A buy-sell agreement will cover what should happen to the business if a member decides to stop work, is incapacitated or passes. Addressing possible future scenarios is helpful to avoid any issues and to remain in compliance.
Incorporating Without Required Licenses
Depending on your business and your state, you may be required to get some type of local, state or federal license. This is not the same as setting up a corporation or LLC. For example, those who want to work as financial advisors may need to check with their state to see what kind of license they need. Most business licenses aren’t too costly — it’s better than paying expensive fines if you operate without a required license.
Failing to Get the Right Kind of Legal Assistance
There’s nothing wrong with filling out the necessary forms to file an LLC yourself. For single-member LLCs that have simple requirements, like being 100% self-funded and incorporating in their own state won’t have many issues. However, for those who are considering S-corps, seeking legal assistance may be beneficial.
For instance, if you decide to do business in multiple states, you’re starting a business with a partner or have other complex situations, seeking professional advice can prevent issues down the line, such as navigating vague operating agreements during a dispute.
It’s understandable to be concerned about the costs of hiring a legal professional. After all, you may be just starting your business and want to earn money before investing any into the business. However, this upfront expense counts as a business write-off, and getting sound advice can save you money.
There are also alternatives to hiring a lawyer. Services like Collective can set up your LLC for you and help you navigate tax and legal paperwork.
Using Random Legal Documents Found Online
The internet houses a treasure trove of information (it’s how you find this article!) and there are plenty of resources out there to help you start and grow your business. One such resource are templates and forms. Sure, it can save you time and money from having an attorney draft one up, and in many cases it’ll do just fine. However, using these forms can get you into hot water.

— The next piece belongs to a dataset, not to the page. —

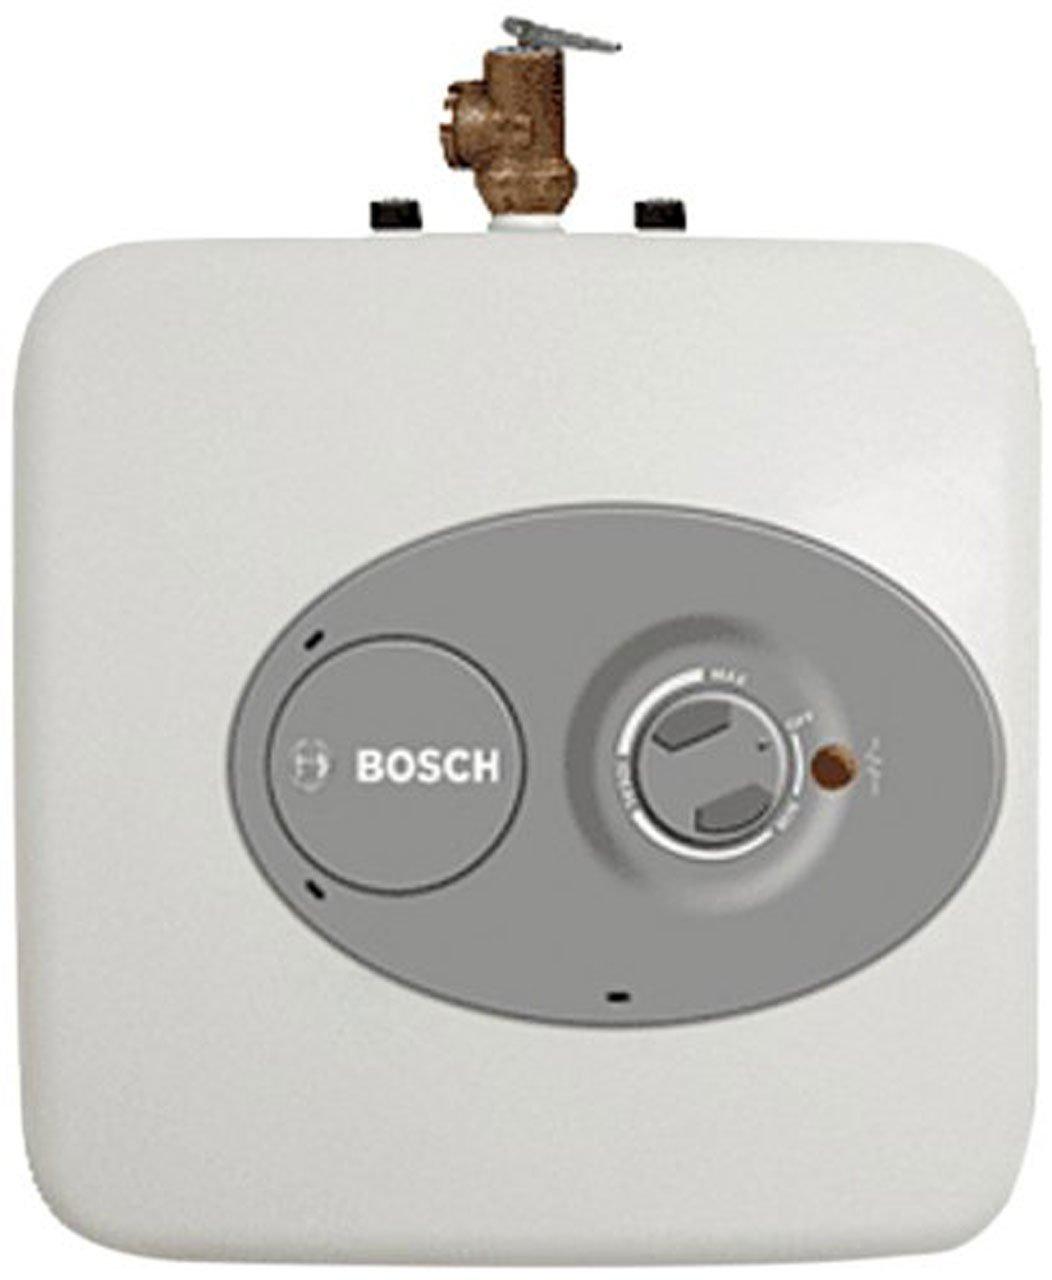 Bosch ES2.5 - Mini-Tank

For instance, I was involved in a business partnership with someone in another state, we downloaded a random operating agreement template online giving us equal ownership rights. However, due to varying factors such as the types of assets we brought in, we wanted different ownership percentages. Had we used the form without looking at it twice, it could have been disastrous.
Again, there’s nothing with using templates found online but you need to review them before adopting them into your own LLC. If there’s any verbiage you’re unsure about or you want to ensure the documents are rock-solid, asking an experienced legal professional is helpful.
Starting a business is tricky enough without having to worry about backtracking because you’ve chosen the wrong business entity or didn’t keep records so you remain compliant in your LLC. That being said, once you’ve done the upfront work of figuring out how to best structure your business, submitting the necessary paperwork can be relatively easy.
After that, it’s making sure to keep your business compliant — that’s where having systems comes into play. Good luck, we’re rooting for you!